南极冰盖内部等时层研究进展综述
2015-01-29唐学远孙波崔祥斌
唐学远 孙波 崔祥斌
(国家海洋局极地科学重点实验室,中国极地研究中心,上海200136)
0 引言
自1957年Waite等[1-2]第一次利用机载脉冲雷达高度计(pulsed radar altimeters)探测南极冰盖的冰厚以来,人类使用雷达技术对南极冰盖的直接观测已有50多年的时间。雷达技术得以作用于冰盖的原因是冰盖对兆赫级的电磁波是透明的。雷达技术最早的应用是获得冰盖的冰厚及其副产品——冰下地形,后来经过技术改进,穿越冰盖的长距离冰内分层结构也被清晰地分辨出来[3-4]。截至目前,已在南极冰盖上开展了大量冰雷达观测内部层调查。早期研究的焦点是辨识导致冰内成层现象的原因,后来转向通过内部层蕴含的信息揭示冰盖内部的冰流过程、冰盖表面积累率、冰下融化率、冰盖动力学和冰下水系统的研究。通过雷达技术与冰川物理学相结合,已经形成了一门新的交叉学科,称之为雷达冰川学(Radioglaciology)。2008年,国际冰川学会(IGS)在西班牙马德里召开“Radioglaciology and its Application”研讨会,成为雷达冰川学被认可并走向成熟的标志。雷达冰川学较重要的研究领域即是通过雷达图像显示的冰盖内部反射功率谱信号考察冰盖的内部成层结构。冰盖内部层结构在冰盖研究中的重要性日益显现。冰盖内部层主要有两个特点:(1)同一内部反射层是近乎相同年代的雪被后来的雪冰覆盖、压实而成的冰层,因而具有“等时性”(isochronous),称为内部等时层;(2)内部等时层的几何形态和结构是历史上冰盖表面物质积累、冰面地形、内部流场变化、底部融化和底部地形共同形成的结果,因而可以被用来理解冰盖的运动和演化。

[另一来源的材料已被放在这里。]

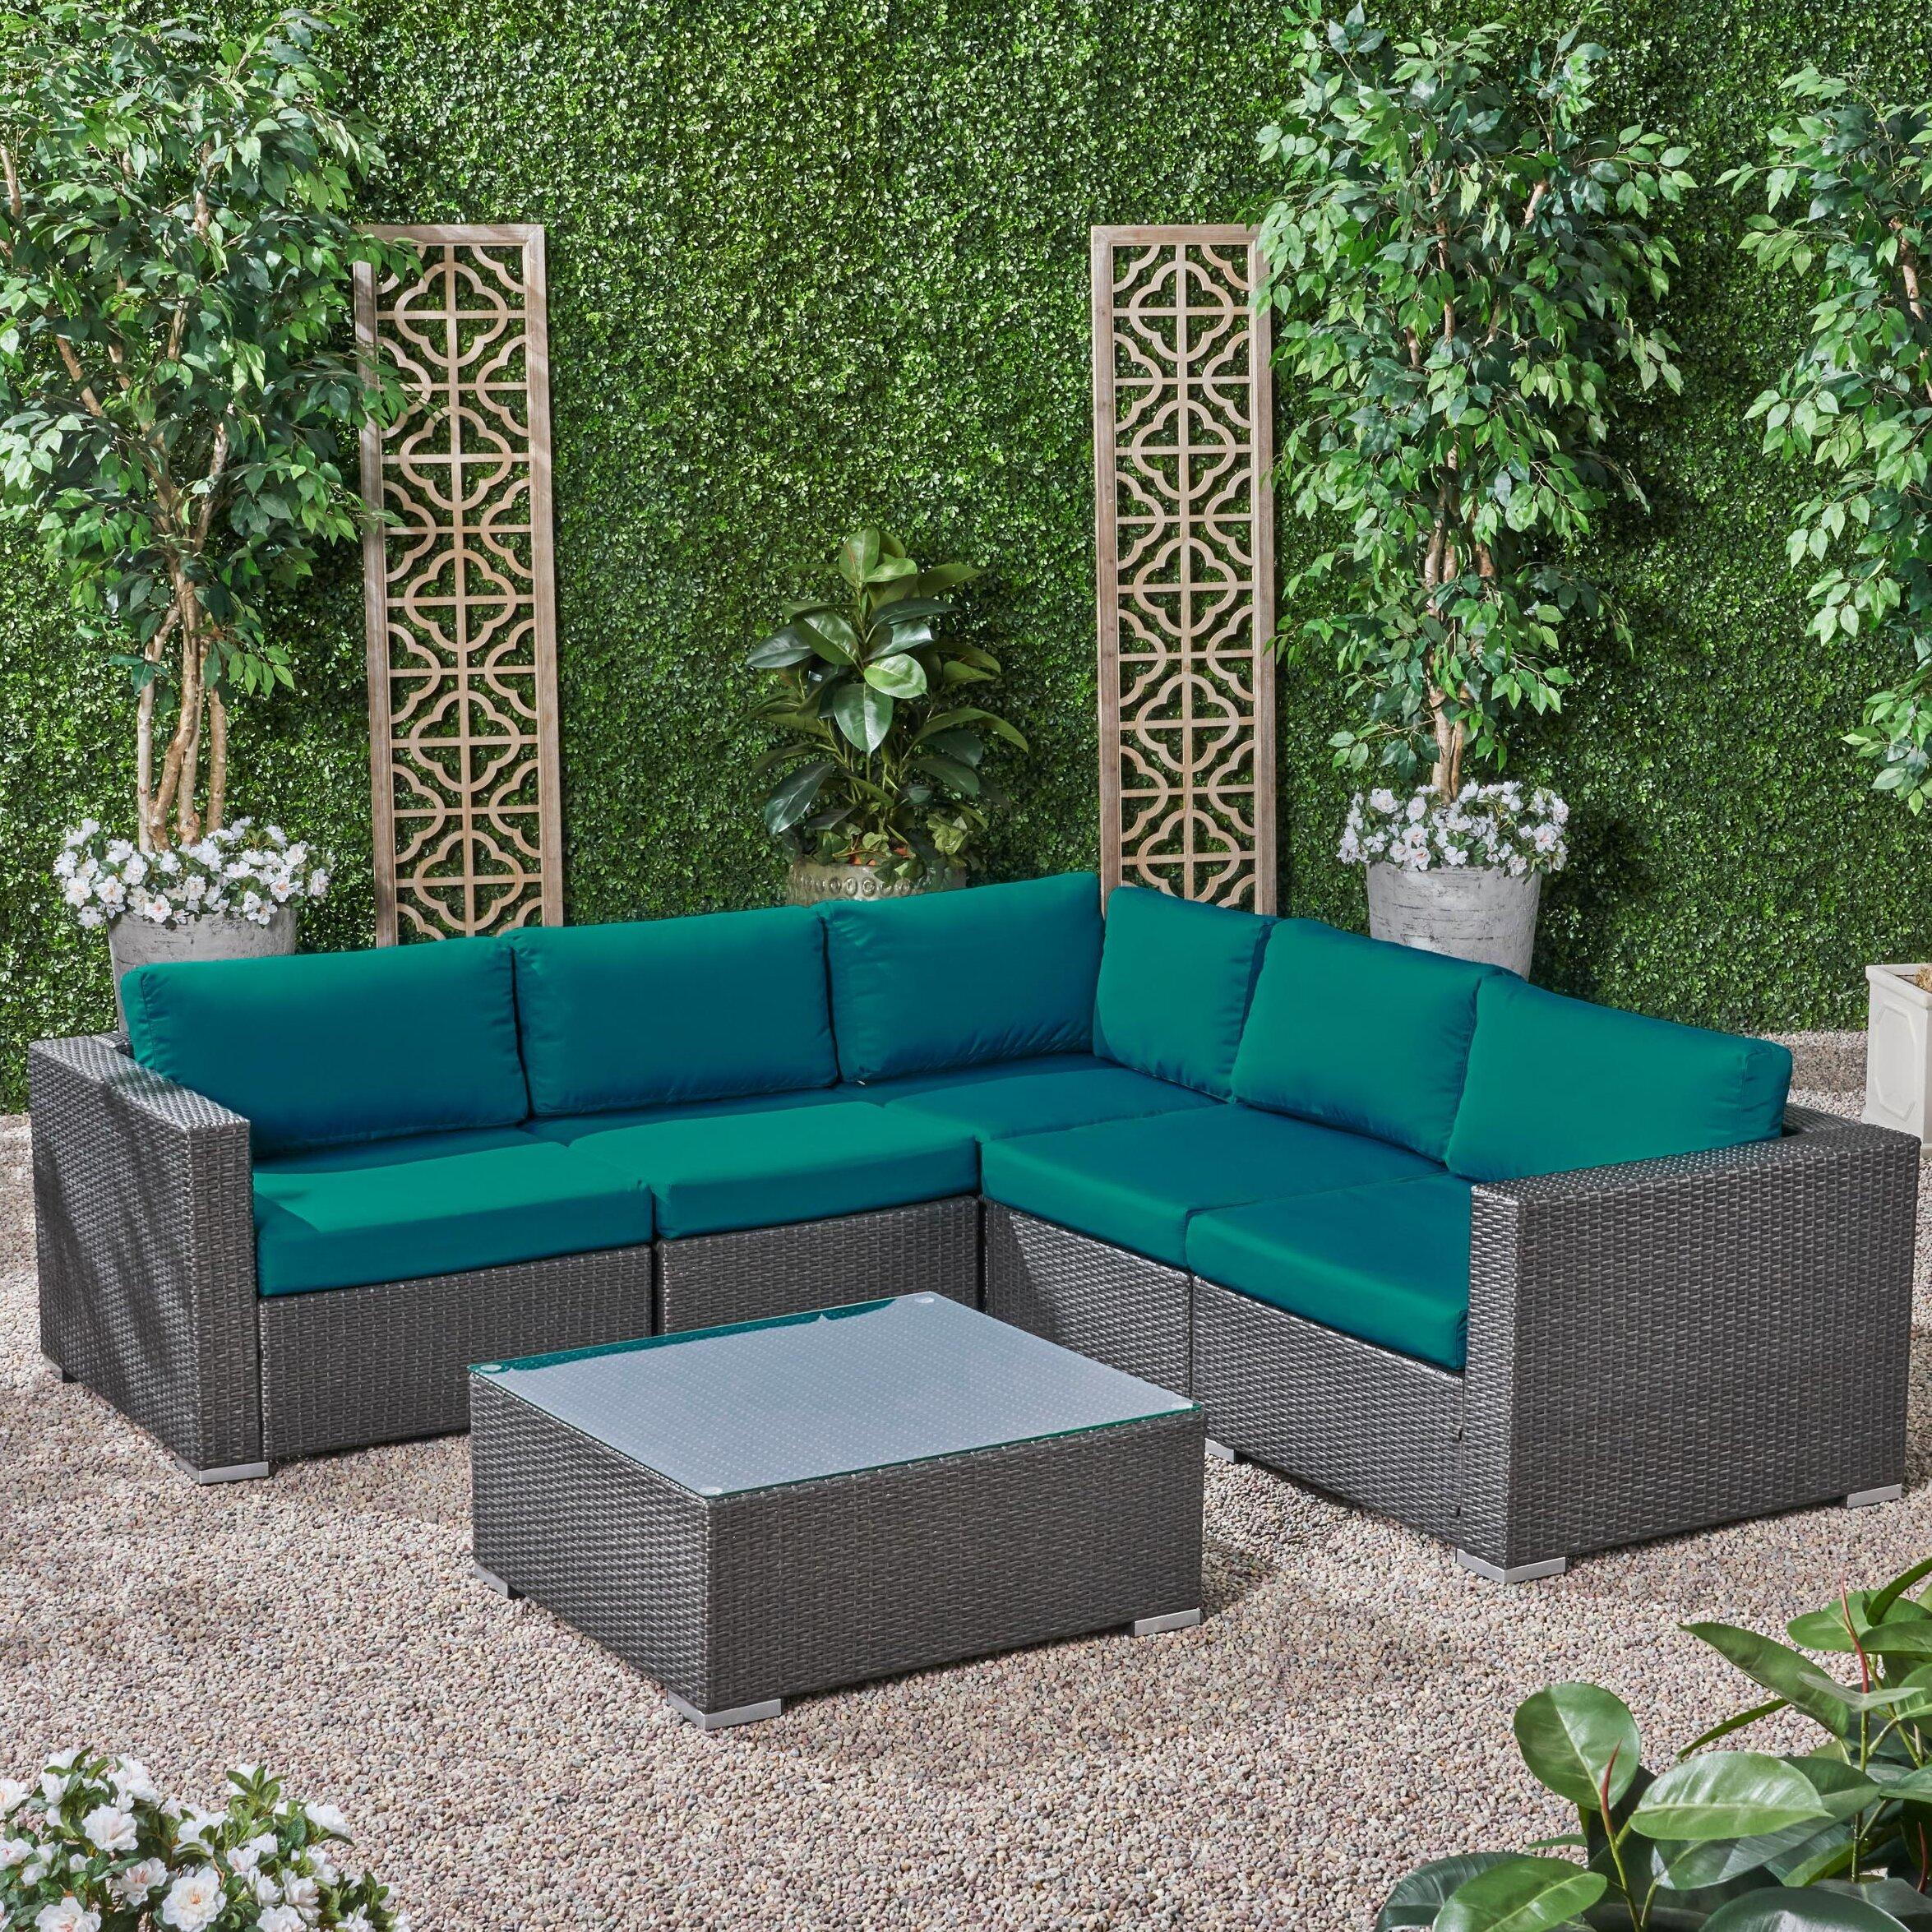 Roxann Outdoor 5 Seater Wicker Sectional Sofa Set with Sunbrella Cushions

内部等时层在冰川学中的应用已经很多,例如1970年代,英国剑桥大学斯科特极地研究中心(Scott Polar Research Institute,SPRI)与美国国家科学基金委员会(National Scientific Foundation,NSF)、丹麦技术大学(Technical University of Denmark,TUD)在南极冰盖展开了第一次大面积的机载冰雷达调查,获得了近400 000 km的冰盖断面数据(图1)。Siegert等[5]据此给出了一个西南极的内部等时层数据集及其应用实例。崔祥斌等[6]在讨论关于冰雷达在南极冰盖的应用综述时对此有一个简要的介绍,但是还没有一个有关内部等时层研究进展的综合描述。鉴于此,有必要针对南极冰盖内部等时层研究进展做一个系统的阐述。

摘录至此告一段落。